◆ **Task to complete**:
Your task is to repeat all of the data exactly while excluding the pictures.
BEGIN Provided material
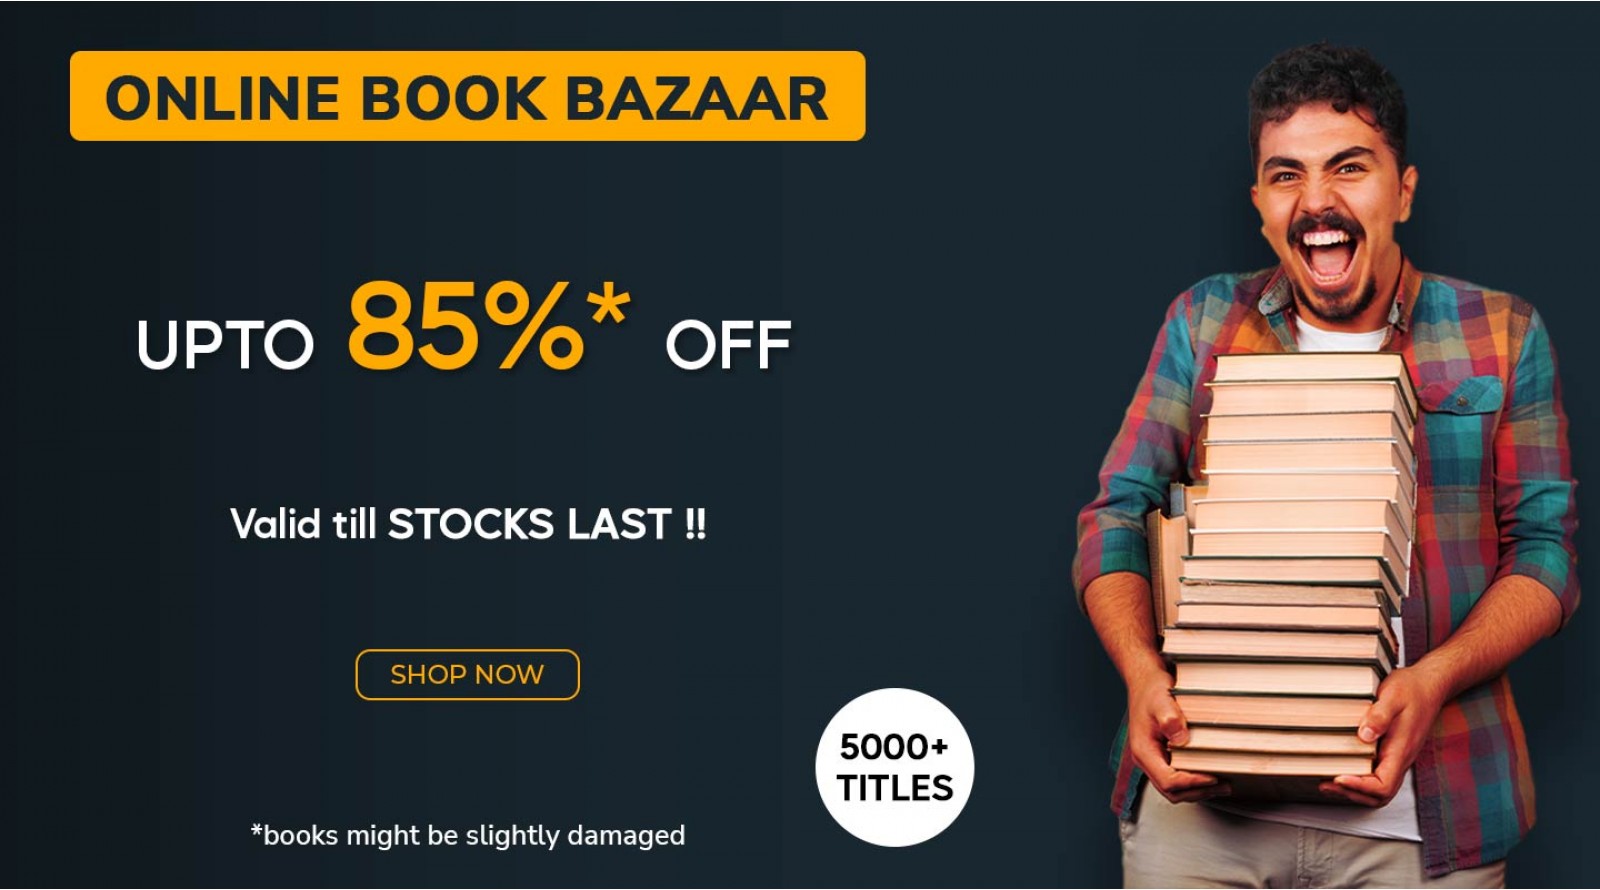 Online Book Bazar
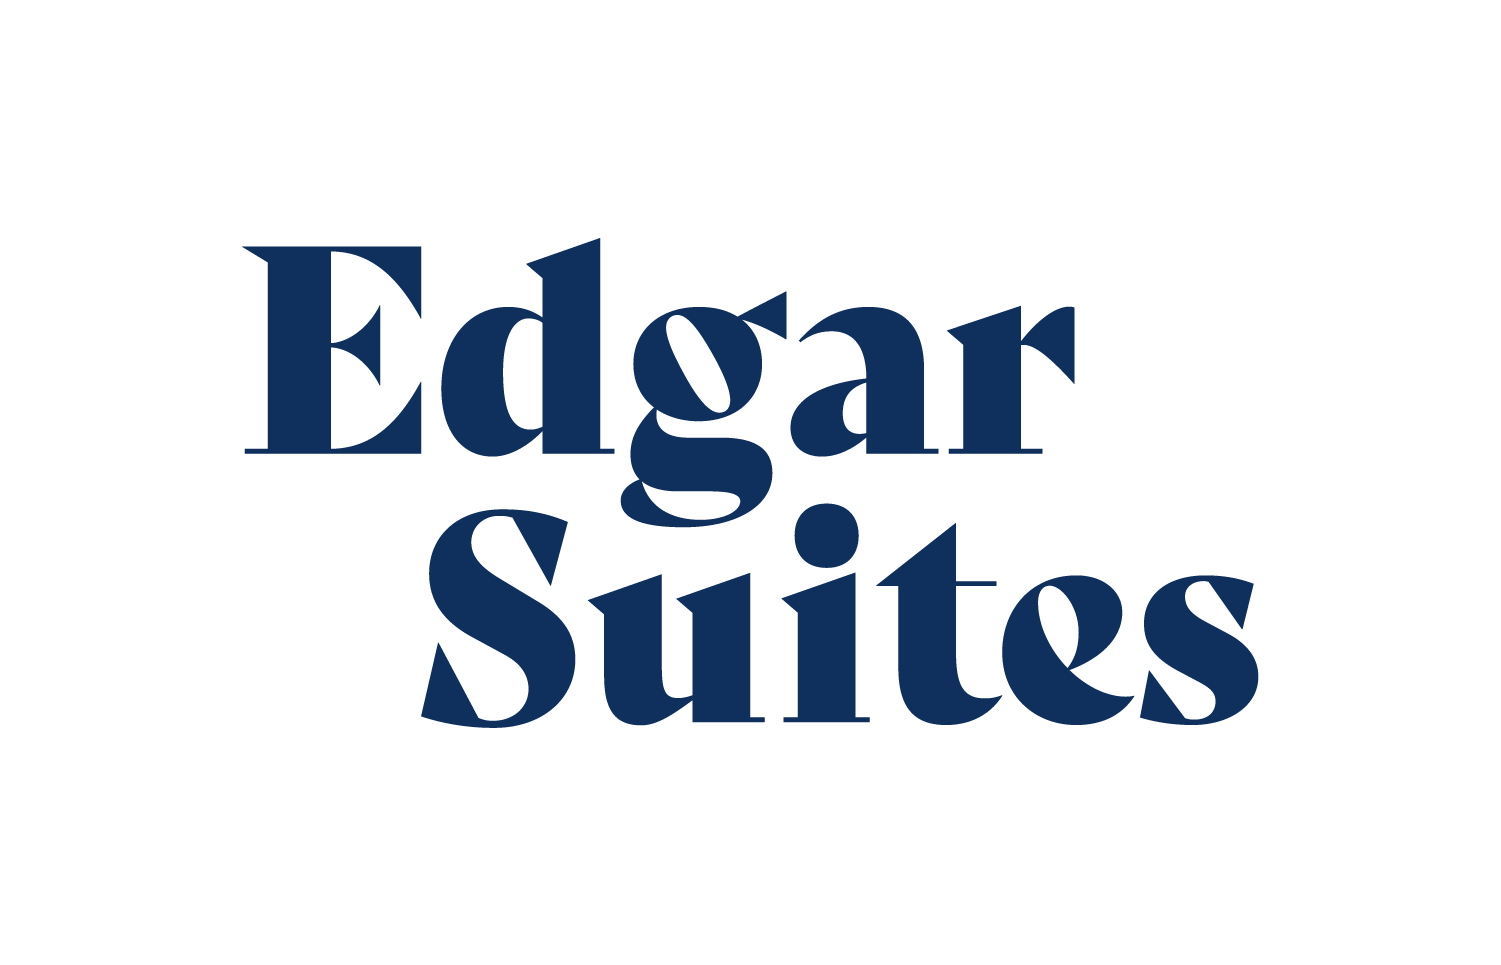 Edgar Suites
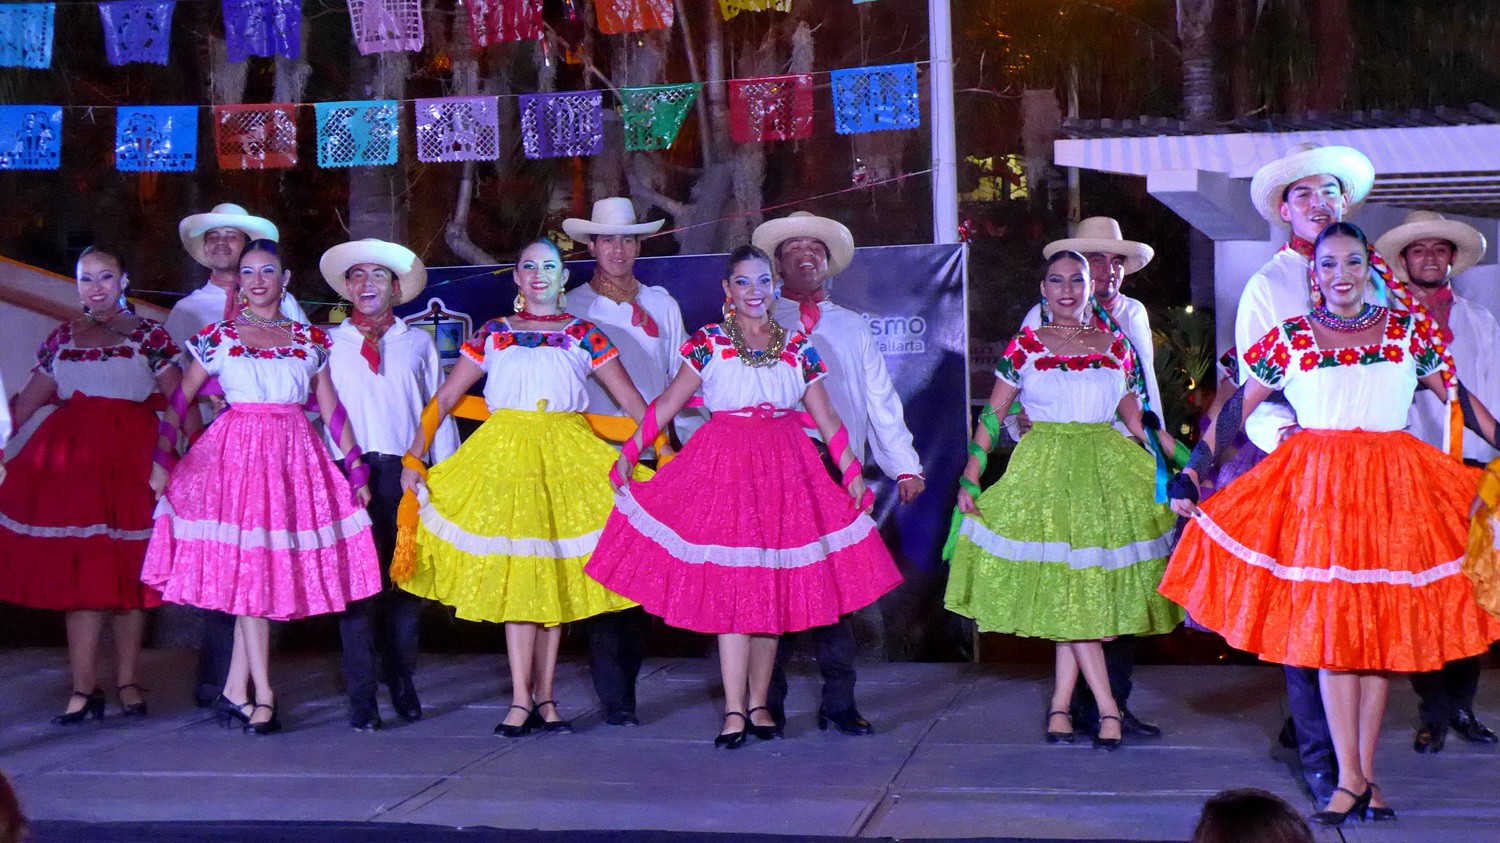 Dancing in Puerto Vallarta
END Provided material
◆ **Answer space**:
 Online Book Bazar
 Edgar Suites
 Dancing in Puerto Vallarta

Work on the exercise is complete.